高温で溶かしたアルミを型に流し込むと、左の画像に見られる
ように、重厚感のあるメタリックな製品が出来上がります。
下の説明を読んで、もっと物知りになりましょう。

 〜「鋳物」って何?という方のために〜


今、あなたは金属の塊を手にしています。あなたは、これを自分の好きな形にしてみたい。さて、どうしますか?
方法は大きく三つ。ひとつは、強い力で叩いたり引っ張ったりねじったりする方法。もうひとつは
何か硬いもので彫ったり削ったりする方法。そして最後に、その金属をとかして型に流し込む方法です。
(そうハートマークのチョコレートを作るみたいに)この最後の方法またはそれで出来たものを「いもの」「鋳物」と言います。工芸の世界では、これを「鋳金」と呼び工業の世界では「鋳造加工」といいます。
■比べてみよう■(鍛金=うちもの=塑性加工)(彫金=ほりもの=切削加工)


3月27日に読売TVで放送された 鉄腕DASHのDASH村での半鐘の製作過程はご覧になられましたか?
見てない人はチェック 建物の半鐘を見てください。 DASH村ホームページ 
 
http://www.ntv.co.jp/dash/village/
                       建物→火のみやぐら→半鐘 をクリック


 〜鋳物をつくるやり方〜

さて実際に鋳物を作ってみようと思うと、まずやらなければならないことは、とにかく「型」を作ることです。☆や〇や▲の形を作ろうと思ったら、その形を何かで作らなければいけません。では何で型をつくったらよいのでしょうか?
もしあなたが同じものをたくさん作りたいと思うなら、溶けた金属を流し込んでも大丈夫なものに型を彫りこんで使います。石?溶けない金属?この方法はとてもいい方法ですが、型をつくるのはちょっと大変。でも同じものがたくさん作りたい時には、とても早くできて経済的です。ではもっと加工しやすい木や粘土を使ってみよう。木や粘土で実際に作りたい形を作って、砂に埋め込んでと・・・ありゃ型がとれない。そう、この場合は砂を固めてから、型を取り出す工夫が必要です。この場合、取り出せるような型を作ったり、型を取り出したり、型を割ったりするテクニックが必要です。でも何度でも型を使えます。
「ひとつでいいから、複雑なやつを」というあなたには、蝋と発泡スチロールで型を作ってみることにします。蝋の場合は、蝋の型を砂に埋め込んで、砂を固めてしまいます。型は取り出さず、温度を上げて蝋を溶かして、外に出してしまいます。その出来た空間に金属を流し込んだら出来上がりです。発泡スチロールは、もともとそのほとんどが空気ですから、発泡で型を作ったら、あとは砂で囲って、溶けた金属を流し込めば、発泡は溶けながら溶けた金属と入れ替わってゆきます。
(工業用にこれらの方法も消失模型法、ロストワックス法と発展しています)


 〜鋳物はあなたの身近にいっぱい〜

あなたのお気に入りのアクセサリーや置物。あなたの自慢の門扉やフェンス。あなたの愛車のエンジンやホイール。いつも犬と散歩する公園のベンチ。おしゃれな街路灯。足元のマンホール。素敵なイタリアレストランの看板。ドアの取っ手。近所のお寺の梵鐘や仏像。
鋳物でできたものは、工業製品ばかりでなく、あなたの身近なものにたくさんあります。経済性にすぐれた鋳造技術の素晴らしさとともに、鋳物のもつ暖かさ風合いを是非楽しんでください。


  〜鋳物を身近な博物館なんかで勉強しよう〜

北海道の人 --- 北海道の鋳物チェックは小樽ですね。小樽運河のガス燈をチェック。置戸町の人間ばんばは是非見てみたい ものです。

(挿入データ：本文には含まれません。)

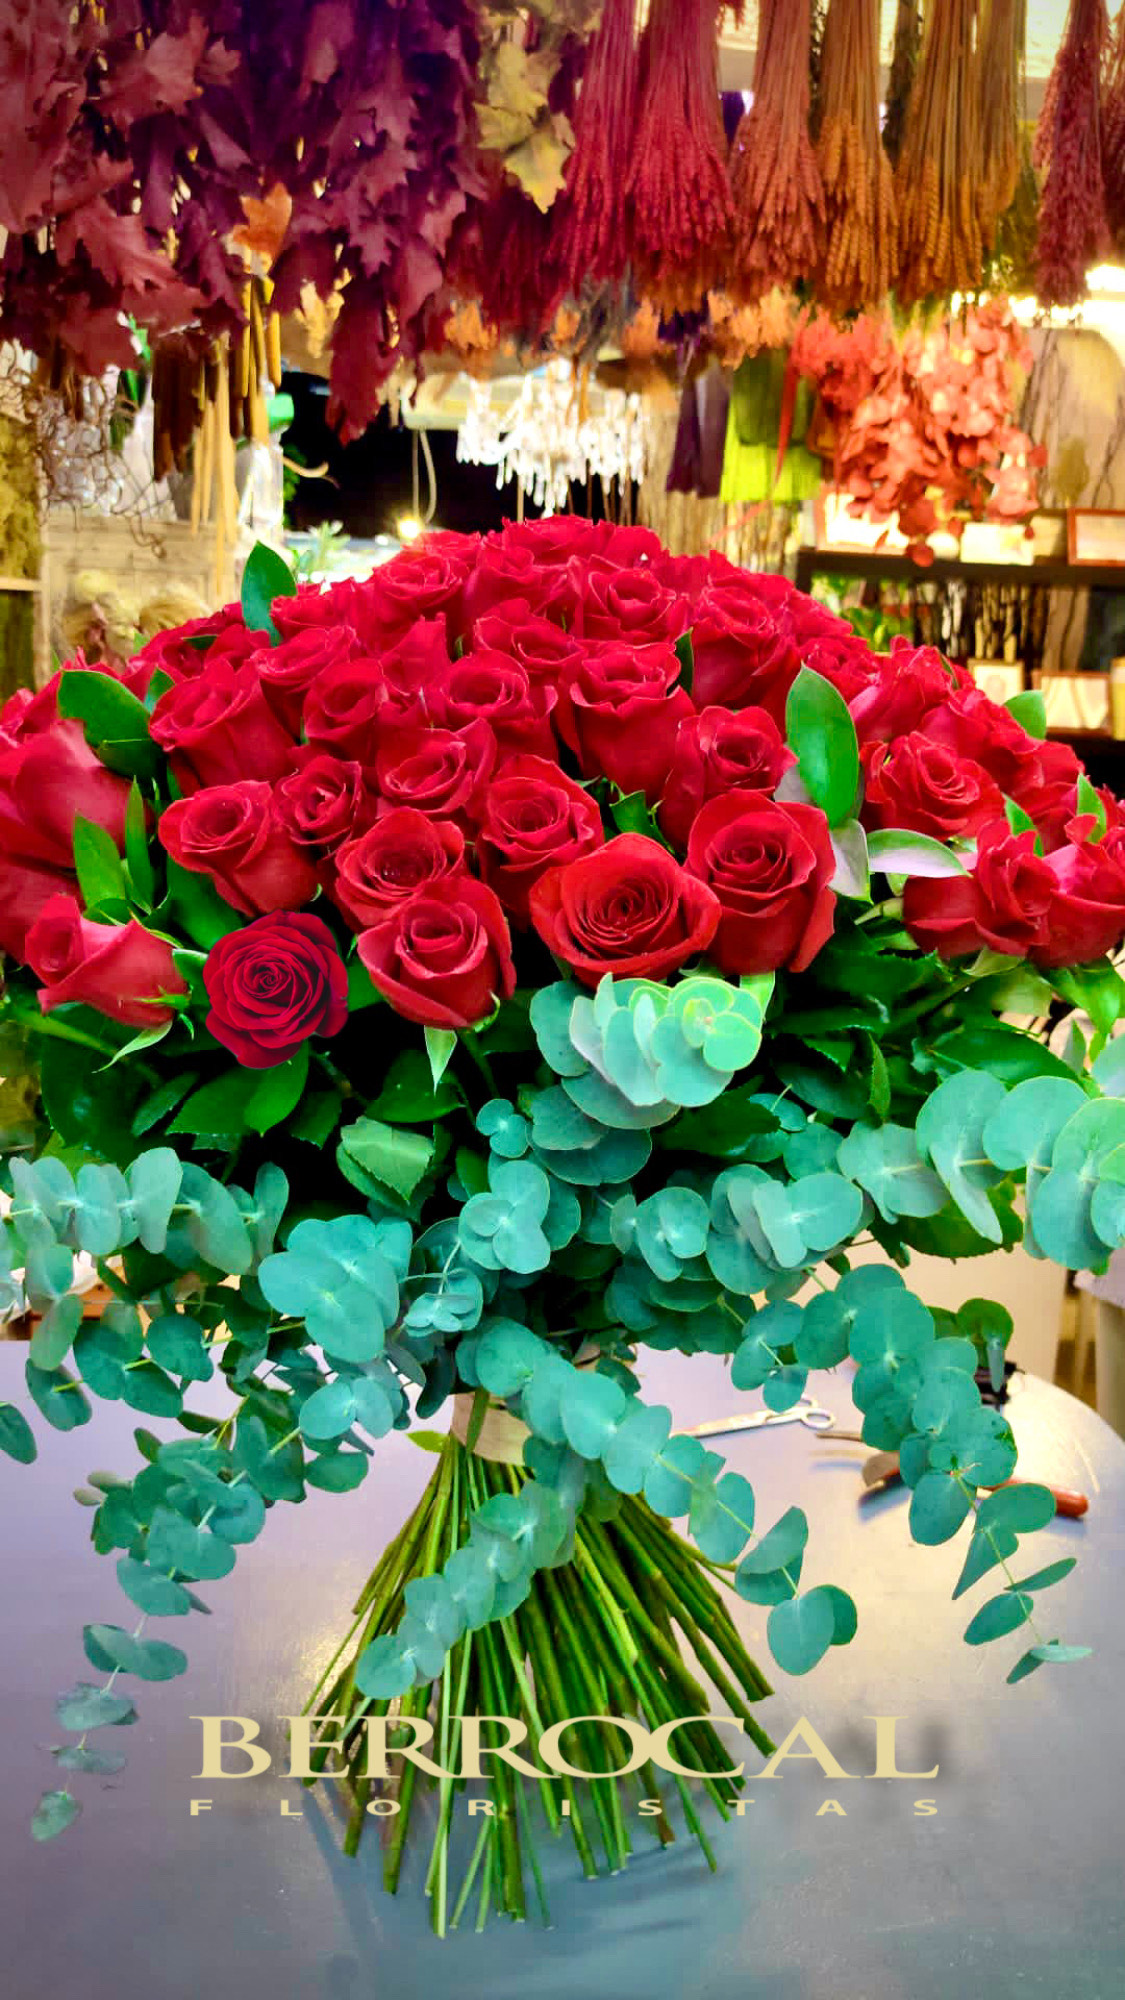 ? Floristerías en Marbella enviar flores a domicilio Marbella Berrocal

東北の人 --- なんと言っても、南部鉄器が有名。水沢市伝統産業会館もいいですが、なんといっても盛岡で実際の鉄器製作を見ることが出来ます。南部鉄器体験見学施設紹介をご覧下さい。また、南部鉄器協同組合さんのページではその歴史や製造工程のご紹介をされています。

関東の人 ---  吉永小百合主演の映画『キューポラのある街』で有名な川口の町を歩けば、いろんな鋳物で出会いますが、お勧めは川口西公園「リリアパーク」です。東京では、一度 墨田区にある合金鋳物博物館をお尋ねになられたらどうでしょうか?

北陸の人 --- 高岡銅器は素晴らしい!高岡市美術館や博物館には、ほれぼれするような鋳物があります。高岡銅器の中心は高岡市の金屋町ですがねっとこ金屋というホームページがあります。また能登にある中居鋳物館にも行ってみたい。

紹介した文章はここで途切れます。